_WHAT IS REQUIRED_
Among the entries below, take the line with "McVitie's Penguin Biscuits" and the line with "Laos - 1951", and output them and every line between them exactly, with nothing else.
--- SUPPLIED MATERIAL Enclosed Below ---
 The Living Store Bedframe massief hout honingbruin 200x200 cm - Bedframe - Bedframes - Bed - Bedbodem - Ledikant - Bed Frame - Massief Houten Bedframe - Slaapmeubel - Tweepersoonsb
--- End of Enclosed SUPPLIED MATERIAL ---
--- SUPPLIED MATERIAL Enclosed Below ---
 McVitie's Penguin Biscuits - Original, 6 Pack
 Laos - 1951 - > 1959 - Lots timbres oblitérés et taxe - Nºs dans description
--- End of Enclosed SUPPLIED MATERIAL ---
--- SUPPLIED MATERIAL Enclosed Below ---
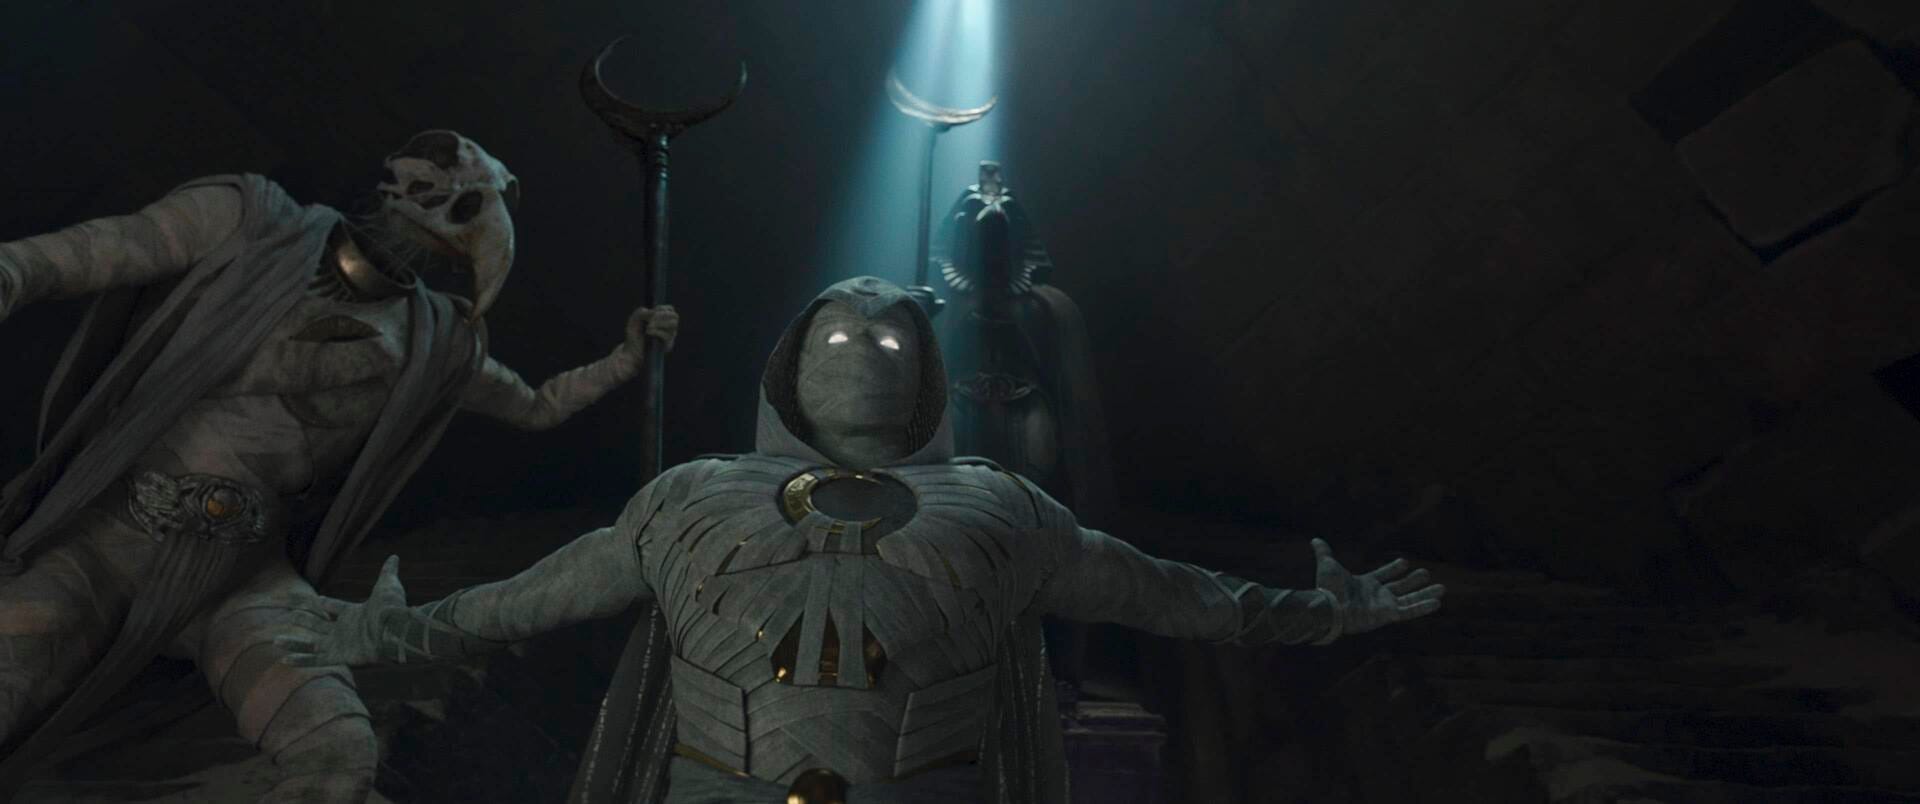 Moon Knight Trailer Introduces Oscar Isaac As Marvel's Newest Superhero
--- End of Enclosed SUPPLIED MATERIAL ---
_RESPONSE TO THE EXERCISE_
 McVitie's Penguin Biscuits - Original, 6 Pack
 Laos - 1951 - > 1959 - Lots timbres oblitérés et taxe - Nºs dans description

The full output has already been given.